Exercise description
Among the lines below, the one containing "3 deti a ďalšia" opens the range and the one containing "Tropical cerimonia di" closes it. Print that range exactly, without the pictures.

Information given
⟨

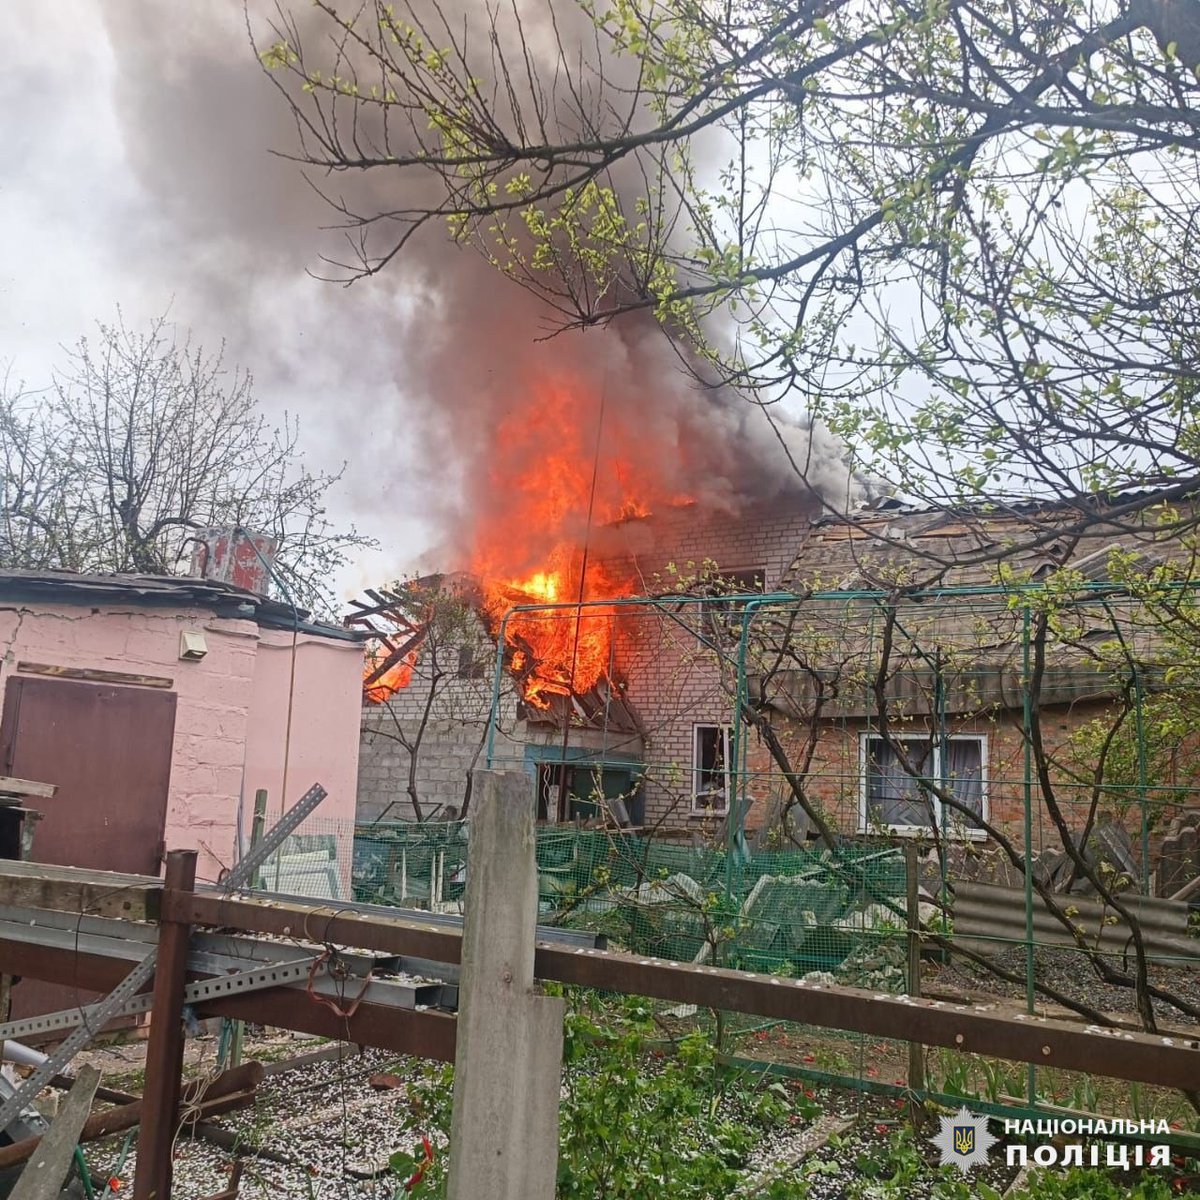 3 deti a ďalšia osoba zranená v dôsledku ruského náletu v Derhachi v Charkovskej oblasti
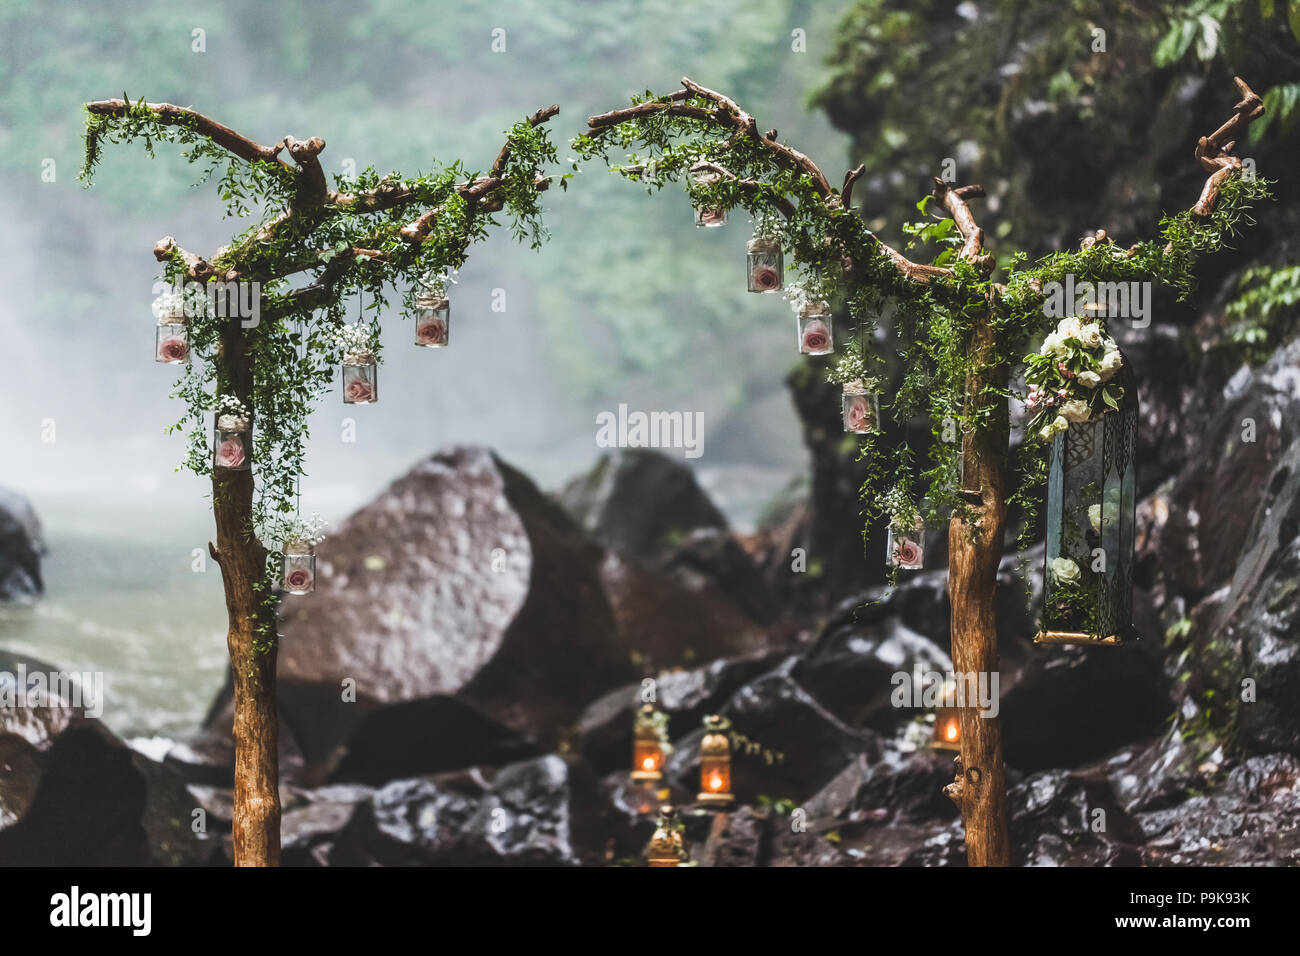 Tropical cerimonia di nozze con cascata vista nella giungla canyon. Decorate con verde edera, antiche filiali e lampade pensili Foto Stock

⟩
⟨

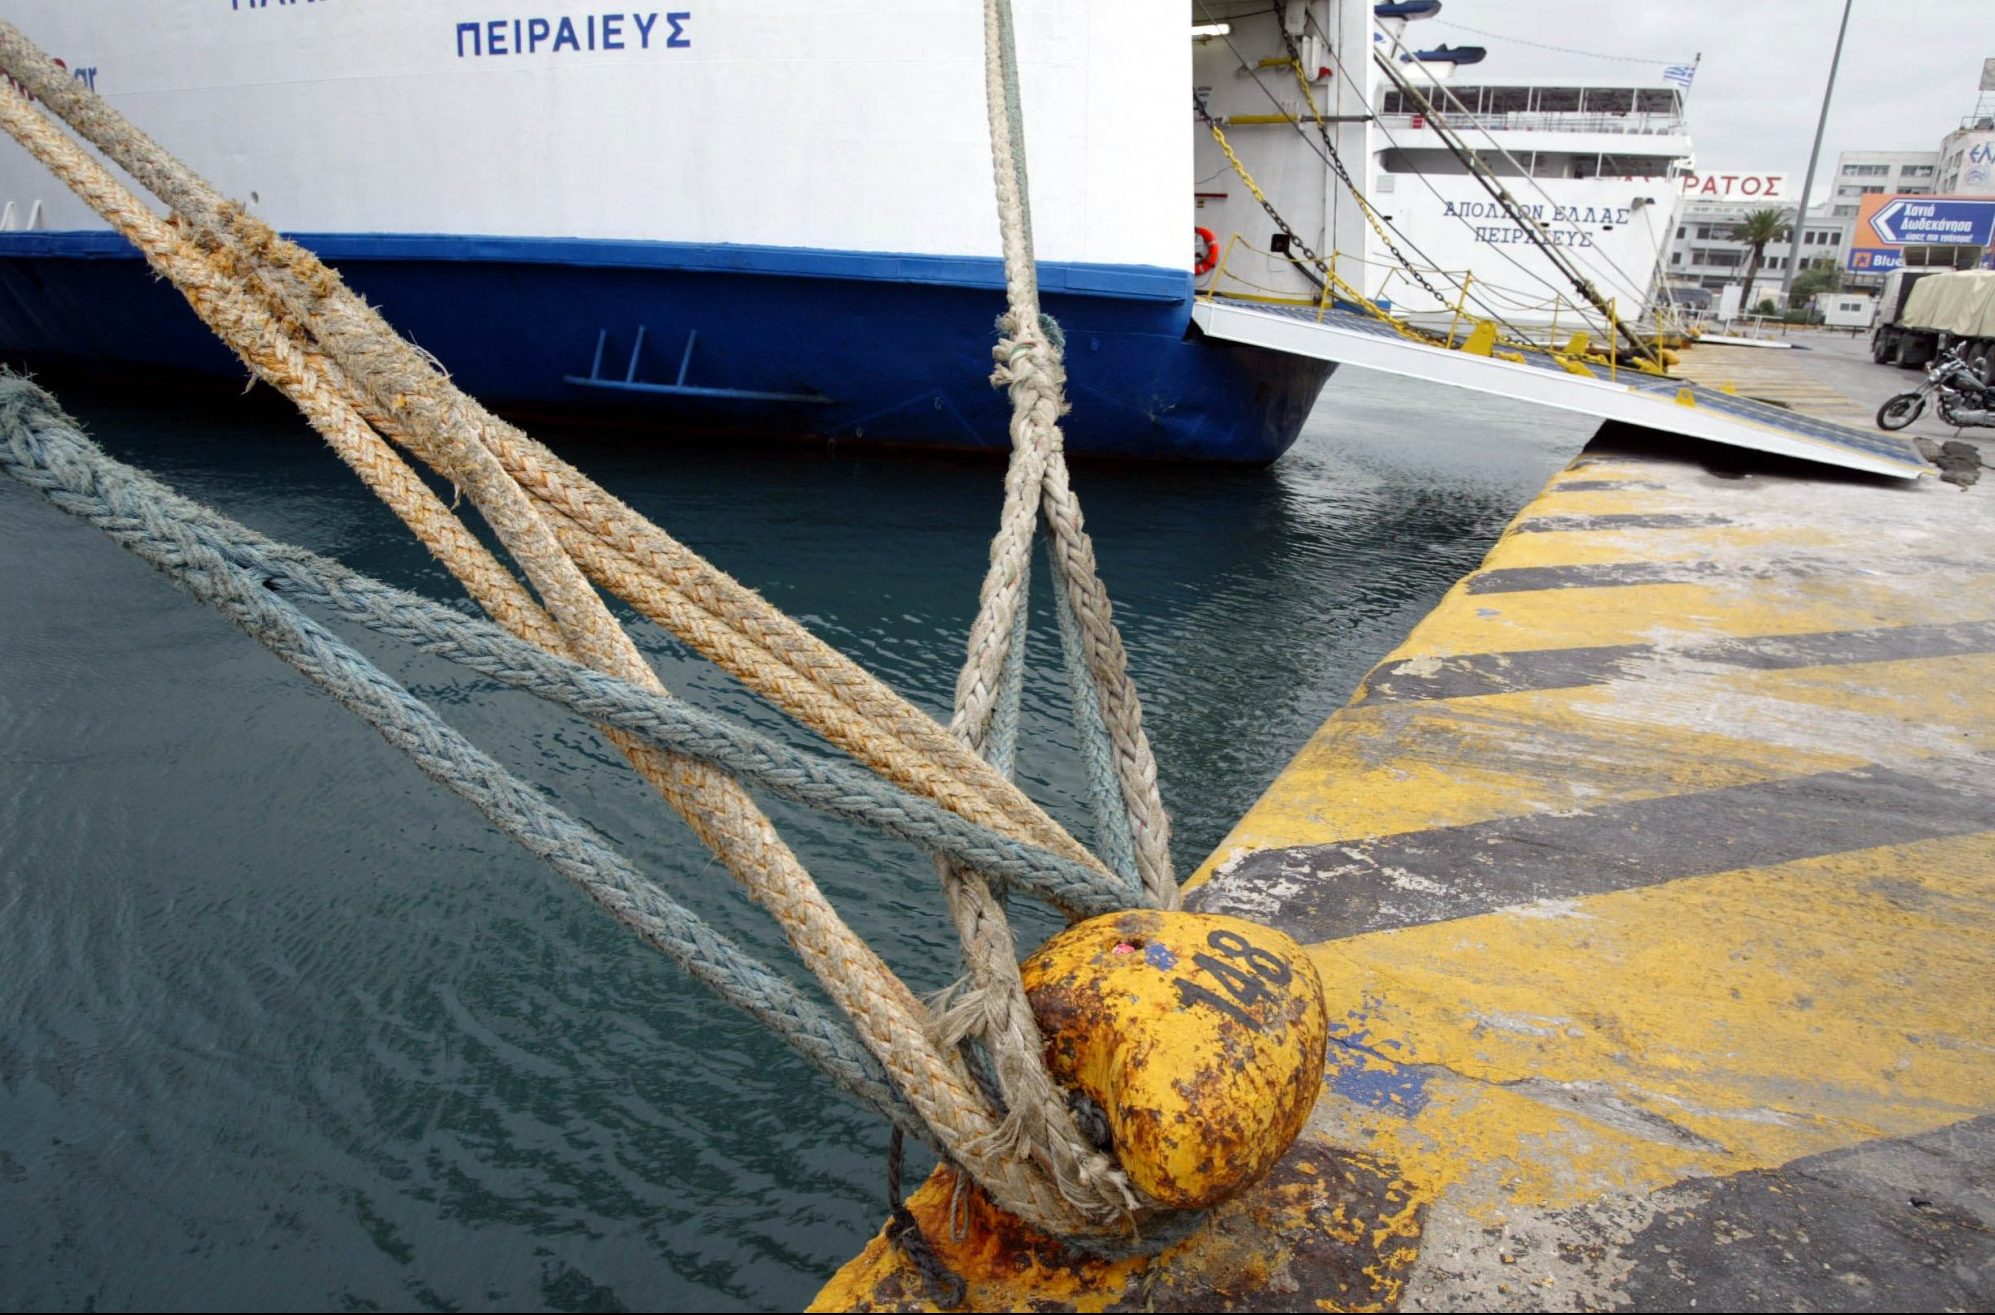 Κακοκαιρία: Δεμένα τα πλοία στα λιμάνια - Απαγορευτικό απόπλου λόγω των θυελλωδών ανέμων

⟩
⟨

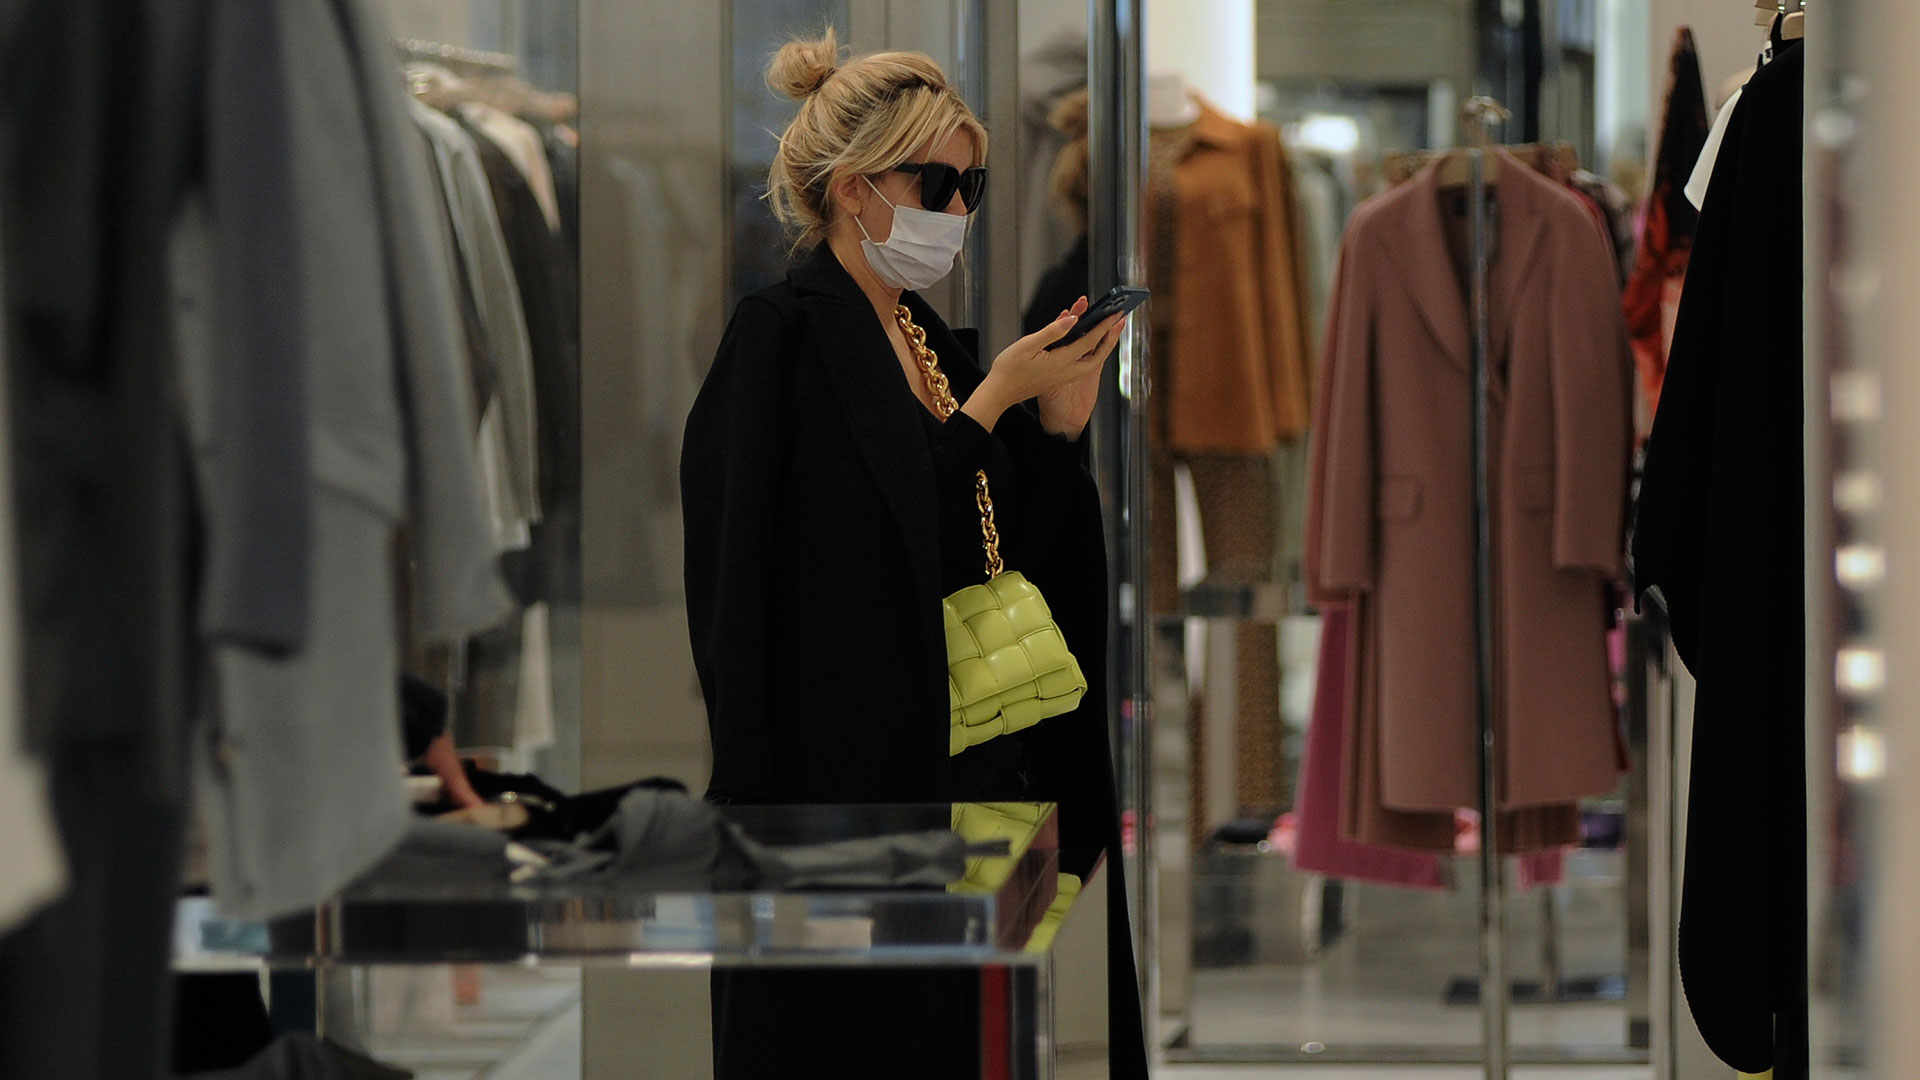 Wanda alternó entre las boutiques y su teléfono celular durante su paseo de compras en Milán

⟩

Task response
 3 deti a ďalšia osoba zranená v dôsledku ruského náletu v Derhachi v Charkovskej oblasti
 Tropical cerimonia di nozze con cascata vista nella giungla canyon. Decorate con verde edera, antiche filiali e lampade pensili Foto Stock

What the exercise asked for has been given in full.